Claims 2 and 11 are anticipated because Wu teaches that the content of ruthenium element in the AS1411@RuPEP nanoprobe is 4.83 wt% which anticipates the claimed 3-10 wt%. Wu at page 5 of 17, right col., paragraph 2, line 8-9.
Claims 3, 10 and 12 are anticipated because Wu teaches that the particle size of his nanoprobe AS1411@RuPEP is 200-500 nm. Wu at page 5 of 17, right col., paragraph 2, line 22-23.
Claims 8-9 and 13-14 are anticipated because Wu teaches to use the nanoprobe AS1411@RuPEP for tumor image in mice bearing MDA-MB-231 tumor cells. Wu at page 2 of 10, right col, paragraph 1, line 7-9.
Claim Rejections - 35 USC § 103
The following is a quotation of 35 U.S.C. 103 which forms the basis for all obviousness rejections set forth in this Office action:
A patent for a claimed invention may not be obtained, notwithstanding that the claimed invention is not identically disclosed as set forth in section 102, if the differences between the claimed invention and the prior art are such that the claimed invention as a whole would have been obvious before the effective filing date of the claimed invention to a person having ordinary skill in the art to which the claimed invention pertains. Patentability shall not be negated by the manner in which the invention was made.

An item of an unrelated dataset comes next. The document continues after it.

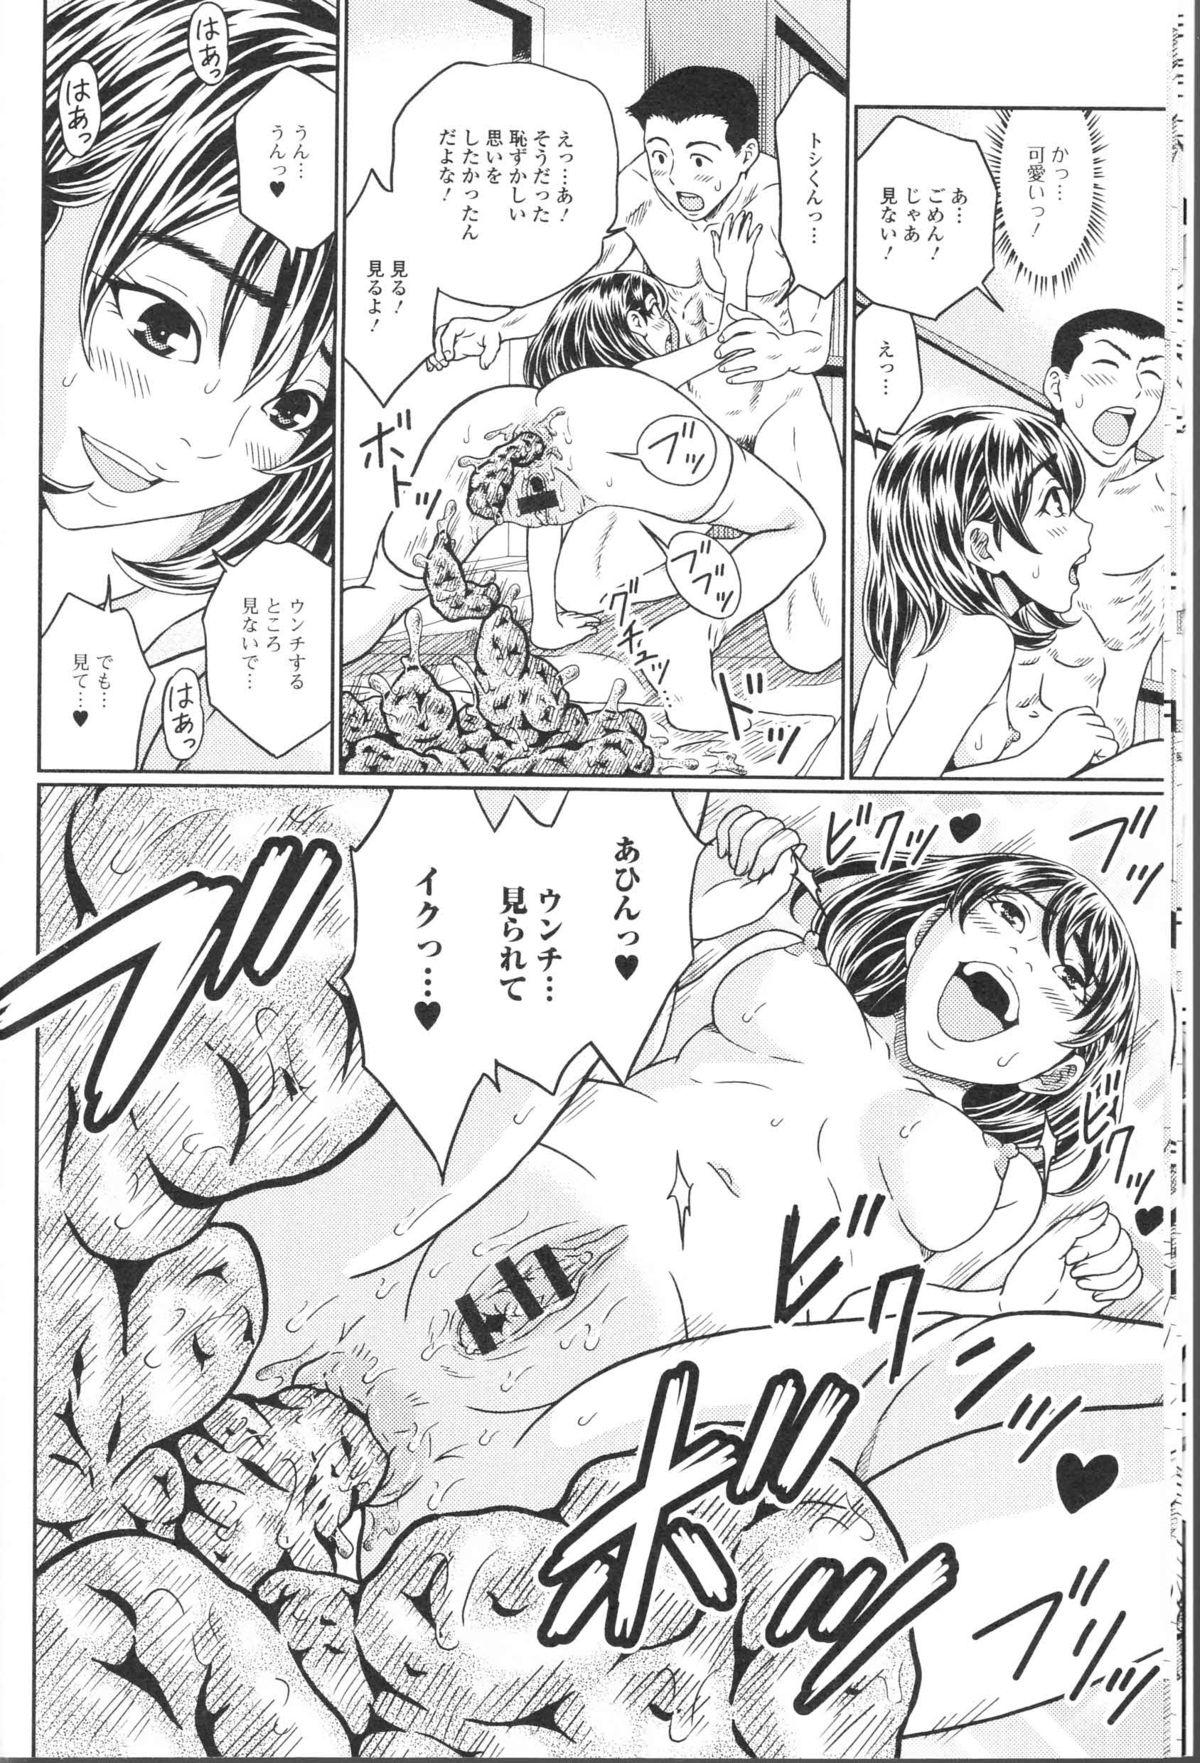 Deepthroat Nozoite wa Ikenai NEO! II - Do Not Peep NEO! II Friend - Page 12

The factual inquiries for establishing a background for determining obviousness under 35 U.S.C. 103 are summarized as follows:
1. Determining the scope and contents of the prior art.
2. Ascertaining the differences between the prior art and the claims at issue.
3. Resolving the level of ordinary skill in the pertinent art.
4. Considering objective evidence present in the application indicating obviousness or nonobviousness.
35 USC § 103 Rejection over Wu
Claim 6 is rejected under 35 U.S.C. 103 as being unpatentable over Q. Wu, et al. 41.1 Journal of Experimental & Clinical Cancer Research 201, (2022) as applied above for the rejection of claim 4.
Q. Wu, et al. 41.1 Journal of Experimental & Clinical Cancer Research 201, (2022)
As detail discussed above that Wu teaches a method meeting each and every limitation of claim 4.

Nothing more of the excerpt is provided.